TASK DIRECTIONS — Reproduce all of the data, making sure that no line differs from the original.

STUDY MATERIAL —
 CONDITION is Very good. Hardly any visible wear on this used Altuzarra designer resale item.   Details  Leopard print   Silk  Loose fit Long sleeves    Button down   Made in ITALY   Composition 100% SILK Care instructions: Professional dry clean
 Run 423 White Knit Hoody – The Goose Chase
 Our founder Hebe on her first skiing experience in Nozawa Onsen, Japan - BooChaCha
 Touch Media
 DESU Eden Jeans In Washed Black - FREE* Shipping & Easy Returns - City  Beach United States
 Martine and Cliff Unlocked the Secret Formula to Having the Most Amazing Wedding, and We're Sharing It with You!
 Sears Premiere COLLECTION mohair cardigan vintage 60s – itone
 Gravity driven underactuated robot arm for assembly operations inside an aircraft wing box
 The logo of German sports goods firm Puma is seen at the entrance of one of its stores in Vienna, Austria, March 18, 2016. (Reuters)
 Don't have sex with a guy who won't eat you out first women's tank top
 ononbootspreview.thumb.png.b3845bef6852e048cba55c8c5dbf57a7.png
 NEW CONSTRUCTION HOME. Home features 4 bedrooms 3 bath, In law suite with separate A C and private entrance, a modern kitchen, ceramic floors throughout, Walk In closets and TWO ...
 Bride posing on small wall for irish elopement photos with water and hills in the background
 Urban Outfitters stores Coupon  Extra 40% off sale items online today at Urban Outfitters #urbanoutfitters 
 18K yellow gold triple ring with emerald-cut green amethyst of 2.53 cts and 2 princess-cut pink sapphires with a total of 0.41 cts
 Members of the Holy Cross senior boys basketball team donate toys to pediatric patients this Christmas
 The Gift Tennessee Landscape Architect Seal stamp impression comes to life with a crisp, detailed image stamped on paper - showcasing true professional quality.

TASK SOLUTION —
 CONDITION is Very good. Hardly any visible wear on this used Altuzarra designer resale item.   Details  Leopard print   Silk  Loose fit Long sleeves    Button down   Made in ITALY   Composition 100% SILK Care instructions: Professional dry clean
 Run 423 White Knit Hoody – The Goose Chase
 Our founder Hebe on her first skiing experience in Nozawa Onsen, Japan - BooChaCha
 Touch Media
 DESU Eden Jeans In Washed Black - FREE* Shipping & Easy Returns - City  Beach United States
 Martine and Cliff Unlocked the Secret Formula to Having the Most Amazing Wedding, and We're Sharing It with You!
 Sears Premiere COLLECTION mohair cardigan vintage 60s – itone
 Gravity driven underactuated robot arm for assembly operations inside an aircraft wing box
 The logo of German sports goods firm Puma is seen at the entrance of one of its stores in Vienna, Austria, March 18, 2016. (Reuters)
 Don't have sex with a guy who won't eat you out first women's tank top
 ononbootspreview.thumb.png.b3845bef6852e048cba55c8c5dbf57a7.png
 NEW CONSTRUCTION HOME. Home features 4 bedrooms 3 bath, In law suite with separate A C and private entrance, a modern kitchen, ceramic floors throughout, Walk In closets and TWO ...
 Bride posing on small wall for irish elopement photos with water and hills in the background
 Urban Outfitters stores Coupon  Extra 40% off sale items online today at Urban Outfitters #urbanoutfitters 
 18K yellow gold triple ring with emerald-cut green amethyst of 2.53 cts and 2 princess-cut pink sapphires with a total of 0.41 cts
 Members of the Holy Cross senior boys basketball team donate toys to pediatric patients this Christmas
 The Gift Tennessee Landscape Architect Seal stamp impression comes to life with a crisp, detailed image stamped on paper - showcasing true professional quality.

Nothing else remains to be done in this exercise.